Glad the NatureThroid is kicking in.

Here is info. You are taking MG, not MCG. 
http://www.nature-throid.com/

Nature-Throid™ (Thyroid USP) Tablets, micro-coated, easy to swallow with a reduced odor, for oral use are
natural preparations derived from porcine thyroid glands (T3 liothyronine is approximately four times as
potent as T4 levothyroxine on a microgram for microgram basis). They provide 38 mcg levothyroxine (T4)
and 9 mcg liothyronine (T3) for each 65 mg (1 Grain) of the labeled content of thyroid.

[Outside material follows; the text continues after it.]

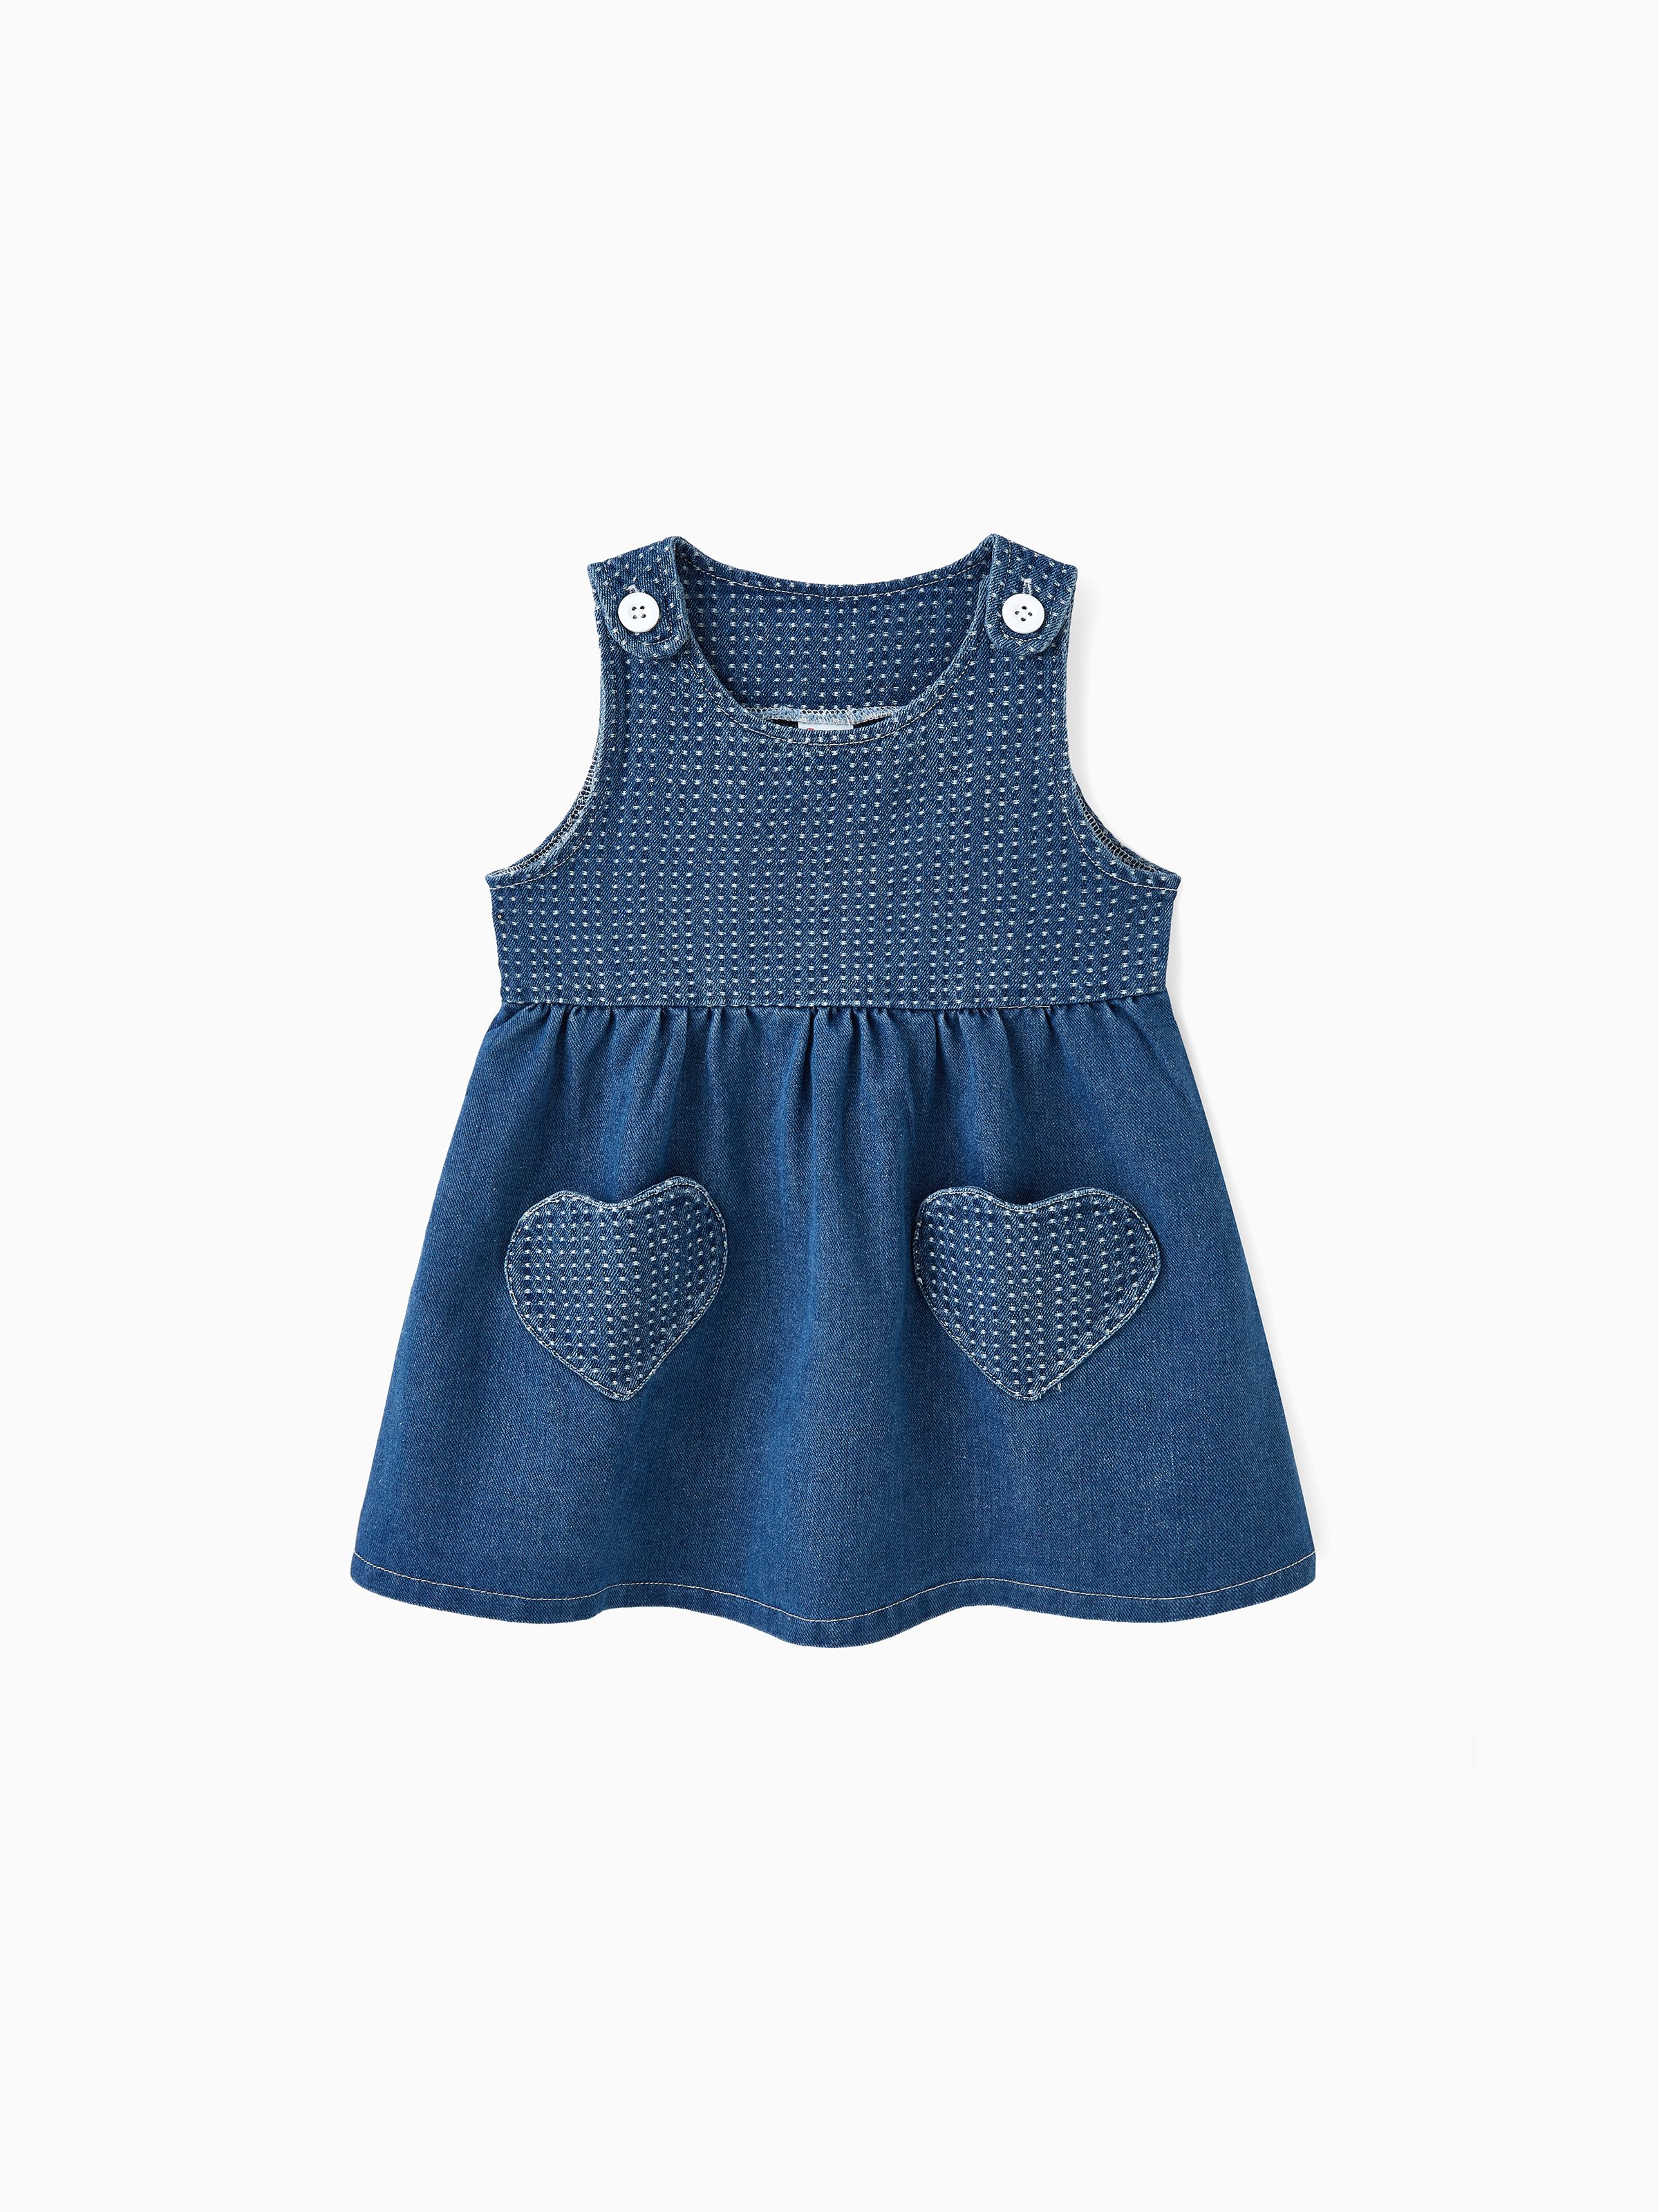 

Sweet Toddler Girl Dress, 3D Houndstooth Grid Pattern, Cotton-Poly Blend, Sleeveless, Regular Fit

http://www.nature-throid.com/images/Nature-Throid-PI-Rev041121-03.pdf

It may take some time but I do believe this will help alleviate the tinnitus as well. I sure hope so!


----------



## sjmjuly (Mar 23, 2012)

I am concerned though because just the smallest dose is making me jittery. I took just an 1/8 of a grain and woke up with the jitters & pounding heart. Had to take an Ativan to relax. Why is this happening?


----------



## lainey (Aug 26, 2010)

What were your original labs?

Are you still chewing it? This medication is meant to be swallowed with a full glass of water.

Some people do not handle T3 very well, it packs a punch and can take some getting used to.


----------



## sjmjuly (Mar 23, 2012)

lainey said:


> What were your original labs?
> 
> Are you still chewing it? This medication is meant to be swallowed with a full glass of water.
> 
> Some people do not handle T3 very well, it packs a punch and can take some getting used to.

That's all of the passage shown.